Say goodbye to HBO Go and HBO Now—and at least some of your confusion around which one was which.
Following the rocky debut of flagship streamer HBO Max, WarnerMedia is attempting to clear up the brand confusion around the various HBO iterations—HBO, HBO Go, HBO Max and HBO Now—by retiring the HBO Go and HBO Now streaming apps, the company said today.
HBO Go, the streaming app that was available for HBO cable subscribers who logged in using their television provider information, will be pulled from most primary platforms beginning July 31. Meanwhile, HBO Now, the company’s direct-to-consumer streaming service, will be rebranded to a stand-alone HBO app. Existing HBO Now subscribers will still be able to access HBO programming through the rebranded app as well as through play.hbo.com.
The move comes less than three weeks after the premiere of HBO Max, a new streaming service from WarnerMedia that contains all of HBO’s programming plus a deep library of shows and movies, as well as a modest lineup of original programming. It costs the same as a subscription to HBO in most instances, but its debut was marred by brand confusion and questions about where and how customers could get it—or if they could get it at all.
“Now that HBO Max has launched and is widely distributed, we will be sunsetting the HBO GO app, as well as rebranding the HBO NOW app to HBO,” a spokesperson said in a statement. “Implementing these changes allows us to further strengthen HBO Max as the primary platform for accessing not only the robust offering of HBO but also a vast WarnerMedia library of acquired content and originals, while also simplifying our consumer offering in the market.”

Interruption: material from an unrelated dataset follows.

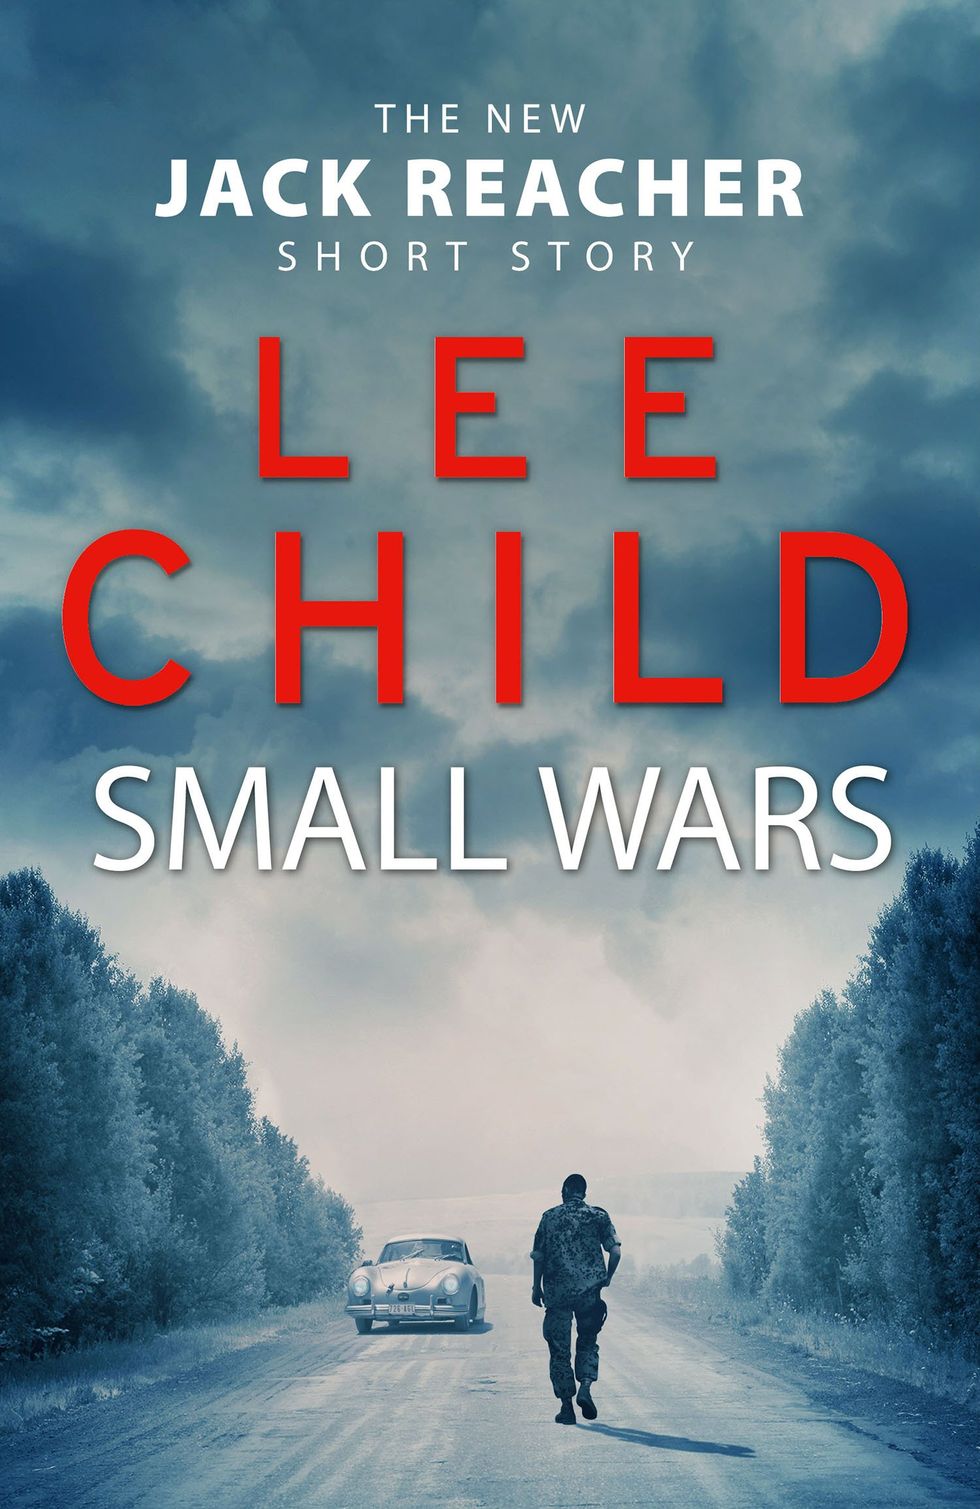 Small Wars (short story, 2015)

That move toward simplification now means HBO Max will serve as the central streamer for AT&T-owned WarnerMedia, while HBO will serve as the option for people who have declined to upgrade their HBO subscriptions to HBO Max, which costs the same, or are ineligible to get it due to ongoing carriage disputes. Some HBO subscribers who pay through Amazon Fire TV devices or through Roku connected TV devices are still unable to upgrade to HBO Max for free, another headache for consumers trying to find their way into the new streaming service.
“Consumers don’t do well with confusion,” Dan Rayburn, a principal analyst at Frost & Sullivan and conference chairman of the NAB Show Streaming Summit, recently told Adweek. “Consumers pick services that are easy to use and that they can understand.”
AT&T and WarnerMedia execs have been fielding questions about potential brand confusion ever since they settled on the HBO Max name last July but had maintained that consumers would be able to navigate the similarly named brands. Today’s announcement is an admission that the multiple HBO brands had hindered HBO Max since the service rolled out last month.
HBO Max is WarnerMedia’s biggest bet yet in the streaming wars and is aimed at helping the company stand out with an all-in-one offering for subscribers who are streaming more but are facing unprecedented economic headwinds.
It’s just one of a number of flashy new services that have come onto the scene in recent years, and more are coming: NBCUniversal is preparing to unveil its own streamer, Peacock, in mid-July, while ViacomCBS’ streamer CBS All Access is working on a rebrand and overhaul of the service for this summer.